2. Резкое повышение давления в легочной артерии создает значительное повышенное сопротивление изгнанию крови из правого желудочка, что приводит к развитию острого легочного сердца с его последующей декомпенсацией.
3. Альвеолярная гипоксия и ряд рефлекторных реакций приводят к активации нейрогуморальных факторов (гистамина, серотонина, лейкотриенов), которые вызывают вазоконстрикцию и бронхоспазм с дальнейшим нарушением вентиляционно-перфузионных отношений, дыхательной недостаточностью, прогрессированием гипоксии.
4. ТЭЛА вызывает развитие патологических рефлексов: легочно-коронарный (спазмирование коронарных артерий), легочно-артериальный (расширение артерий и падение АД вплоть до коллапса), легочно-кардиальный (развитие выраженной брадикардии вплоть до рефлекторной остановки сердца).
5. Все вышеперечисленные факторы приводят в конечном итоге к снижению сердечного выброса и развитию клиники шока.
Диагностика.
Распознавание ТЭЛА связано со значительными трудностями, т.к. без применения ряда современных методов исследования правильный диагноз удается установить только у 10 – 12 % больных. Диагностика ТЭЛА строится на учете:
а) факторов риска:
- длительный (более 3-х сут) постельный режим, связанный с операцией, травмой или другой патологией (ИМ, ОНМК, СН и др.)
- возраст старше 50 лет
- болезни вен (варикозное расширение, ТГВ, посттромботический синдром)
- злокачественная опухоль
- прием гормональных препаратов
- беременность
б) клинических данных
Клиническая картина ТЭЛА многогранна. Выделяют общие (боль, повышение температуры тела, потеря сознания, снижение диуреза, общая слабость и др.), сердечно-сосудистые и легочные симптомы.

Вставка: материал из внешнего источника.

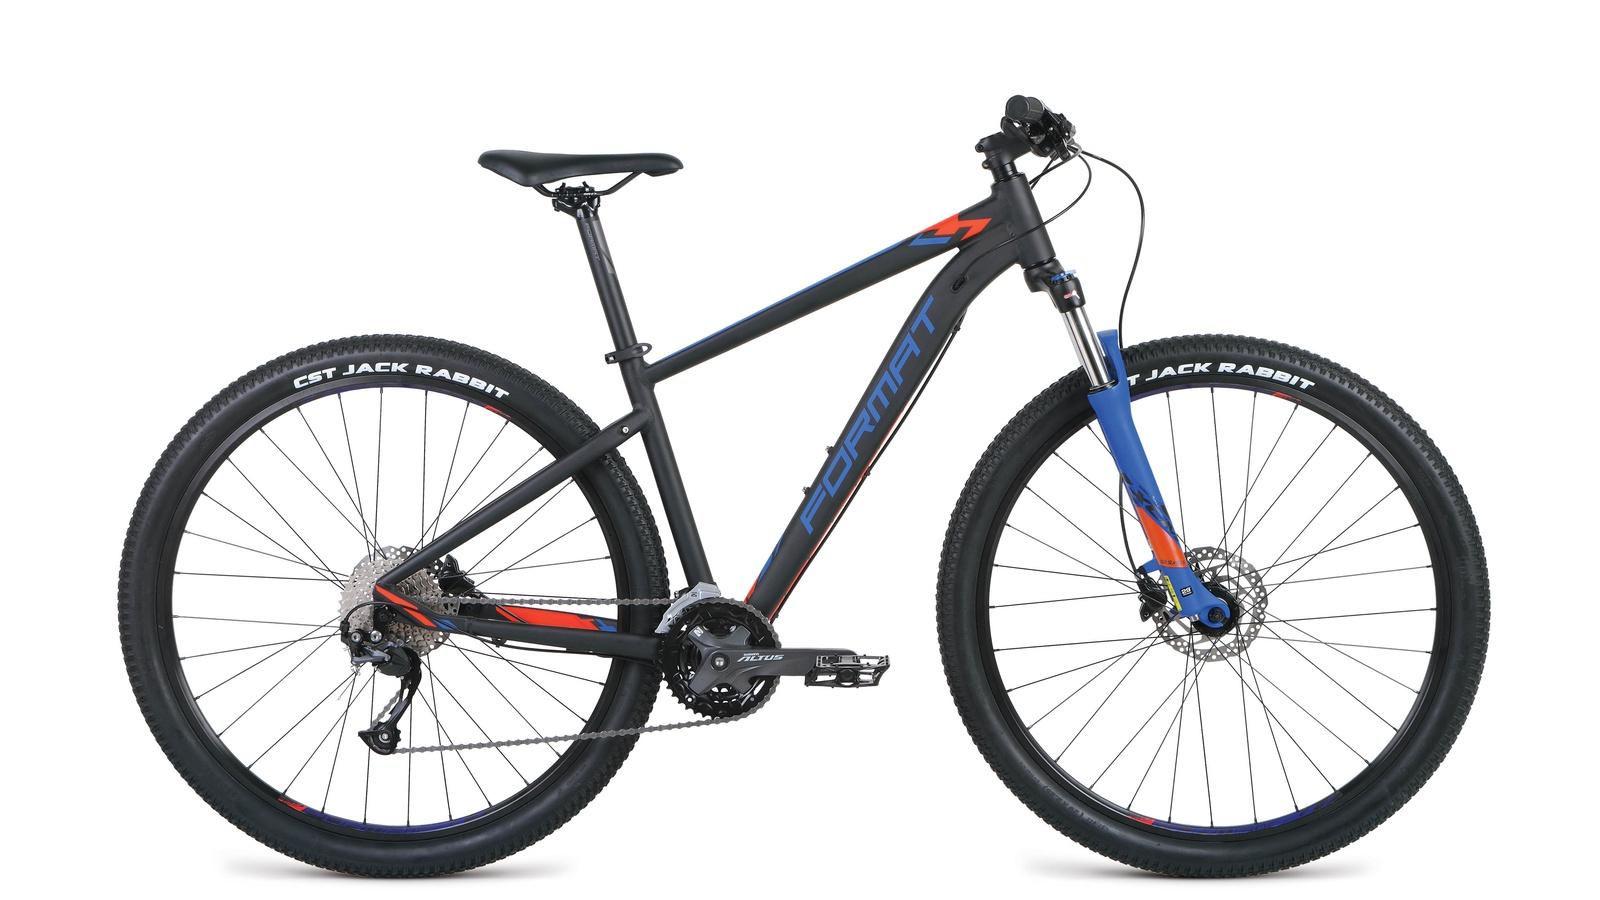 цена на Велосипед Format 1412 29, черный

При массивной эмболии клиническая картина складывается из гемодинамических и легочных проявлений, при субмассивной превалируют изменения со стороны легких.
Субъективно:
1) внезапно появившаяся, ничем не объяснимая одышка (80-90% пациентов)
2) боль в грудной клетке (75-80 % пациентов) плеврального типа (колющая в боку, появляется на вдохе, усиливается во время кашля, уменьшается в положении лежа, часто сочетается с кровохарканьем) при субмассивной эмболии и поражении мелких ветвей легочной артерии и загрудинная боль, локализующаяся в средней и верхней трети грудины либо в области сердца, напоминающая боль при ИМ, но в отличие от последней не иррадиирует в руку при массивной ТЭЛА. У больных с инфарктпневмонией в нижних долях легкого, а также с тяжелой легочной гипертензией, которая проявляется правожелудочковой недостаточностью и гепатомегалией, боли могут локализоваться в нижних отделах грудной клетки и правом подреберье, напоминая проявления острого холецистита, прободной язвы желудка и двенадцатиперстной кишки, инфаркта миокарда.
3) кашель (50% пациентов) - обычно появляется лишь при развитии инфаркта легкого; вначале сухой, слабовыраженный, затем начинает отходить мокрота с примесью крови.
4) кровохарканье (1/3 пациентов) свидетельствует о развитии инфарктпневмонии; появляется на 2-5-е сутки с начала ТЭЛА.
5) обморок (коллапс) (10-15 % пациентов) - чаще рефлекторного типа, реже в его основе лежат изменения центральной гемодинамики, вызванные прохождением эмбола через камеры сердца.
Объективно:
1) тахипноэ (80-90% пациентов) - при массивной ТЭЛА ЧД достигает 30-50/мин.
2) тахикардия (> 90/мин) – 40-50 % больных.
3) повышение температуры тела до 37-380С (40 % пациентов) вследствие пирогенного действия тромбина (массивный тромбоз в глубоких венах ног) либо развившегося инфарктом легкого.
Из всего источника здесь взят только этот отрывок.